7.6In the present case, the Committee notes that the complainant claims to have been ill-treated and threatened by the police because of her political activities twice, on 17 and 24 May 2012. The Committee also notes that, according to the State party, the fact that, during her first hearing, the complainant did not mention her arrest on 24 May 2012, when she was detained for several hours, severely beaten and threatened with death, and the inconsistencies in her statements about the number of policemen who questioned her, make her allegations implausible. The Committee further notes that, according to the State party, the complainant’s political activities in Switzerland, despite being proven, do not constitute lasting and intense activity that could be considered a serious and real threat to the Government. The Committee also takes note of the medical reports concerning the complainant’s health, indicating a major depressive episode and suicidal ideation, as symptoms of the post-traumatic stress disorder from which she suffers. The Committee also notes that the complainant’s credibility should be assessed taking account of the vulnerable state of her mental health. The Committee further notes that, according to the State party, there are numerous medical facilities adapted to treat the complainant and her daughter in Ethiopia, where the complainant could be supported by the presence of her mother and her partner’s family.

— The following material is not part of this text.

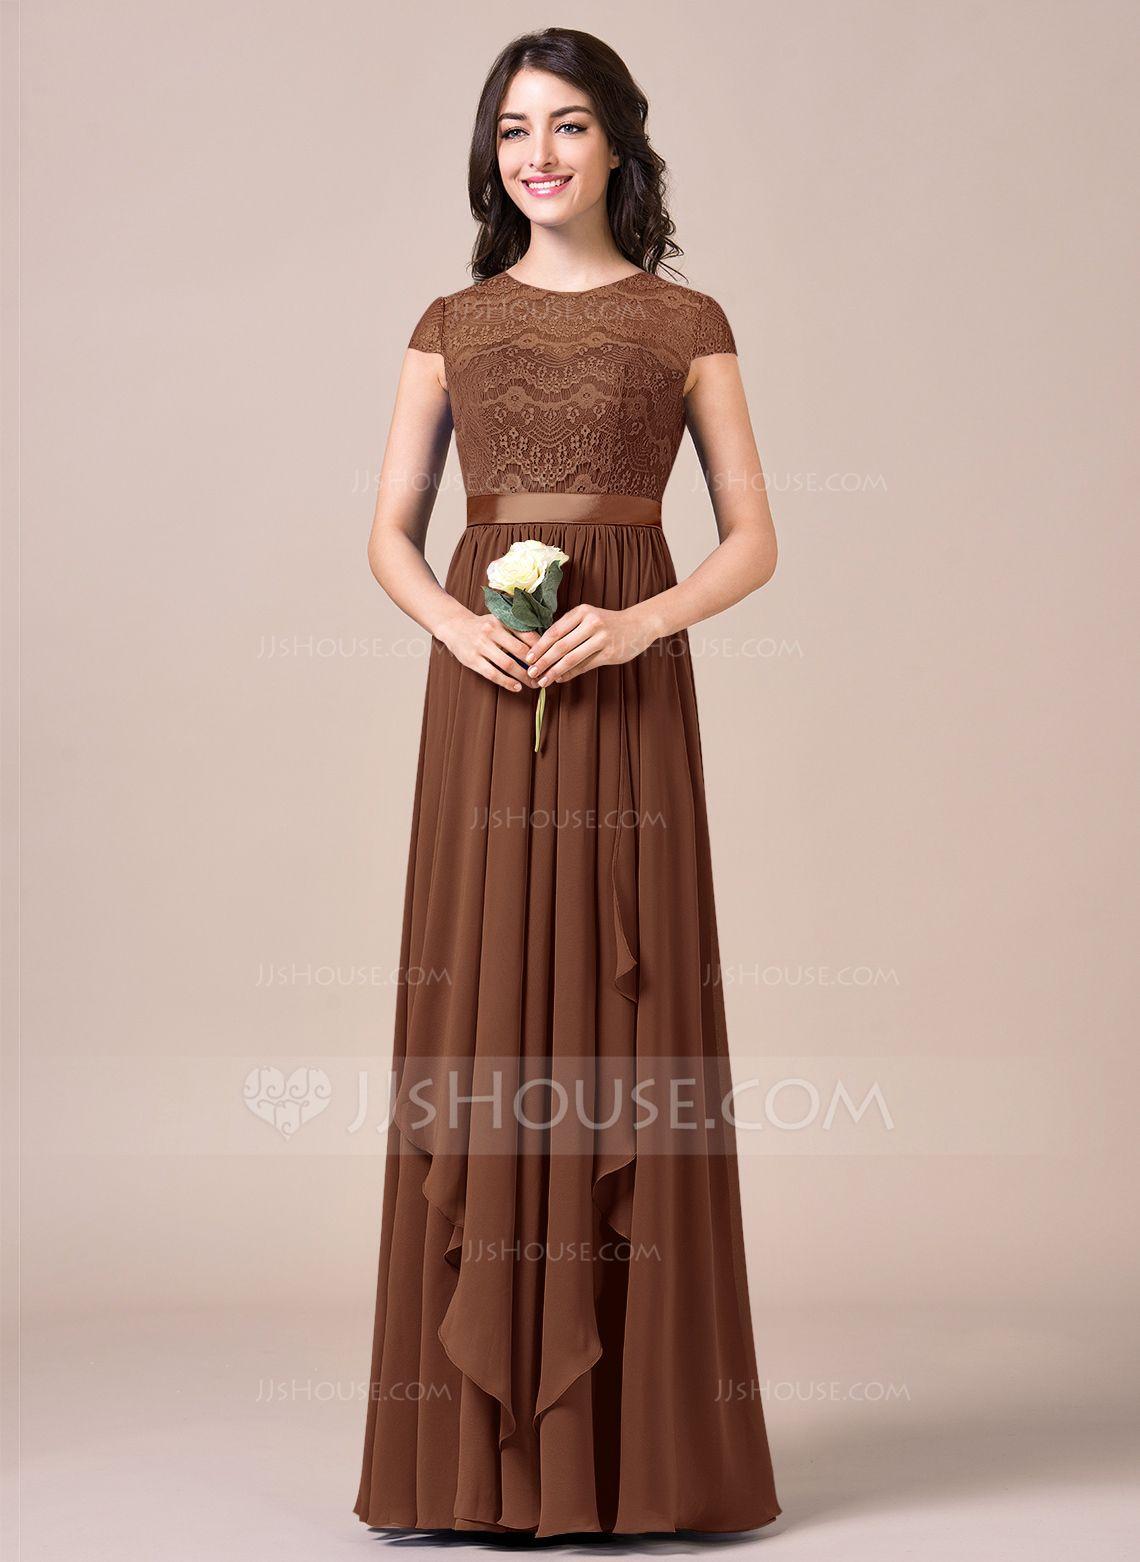 3b40936fd A-Line/Princess Scoop Neck Floor-Length Chiffon Lace Bridesmaid Dress With  Bow(s) Cascading Ruffles (007057698) - JJsHouse

7.7The Committee recalls that it must ascertain whether the complainant currently runs a risk of being subjected to torture if she were returned to Ethiopia. The Committee notes that the complainant has had ample opportunity to provide supporting evidence and more details about her claims at the national level to the Federal Office of Migration and the Federal Administrative Court, but that the evidence provided did not allow the national authorities to conclude that her participation in political activities, while proven, could place her at risk of being subjected to torture upon her return. Furthermore, the Committee recalls that the occurrence of human rights violations in the complainant’s country of origin is not, of itself, sufficient for it to conclude that a complainant is personally at risk of being tortured. On the basis of the information before it, the Committee concludes that the complainant has not provided proof that her political activities are important enough to attract the interest of the authorities of her country of origin and concludes that the information provided does not demonstrate that she would personally be at risk of torture if she were to return to Ethiopia.
8.In the light of the above, the Committee considers that the information submitted by the complainant is insufficient to establish her claim that she would be at a foreseeable, real and personal risk of torture if she were returned to Ethiopia.
9.Accordingly, the Committee, acting under article 22 (7) of the Convention, concludes that the complainant’s return to Ethiopia would not constitute a breach of article 3 of the Convention by the State party.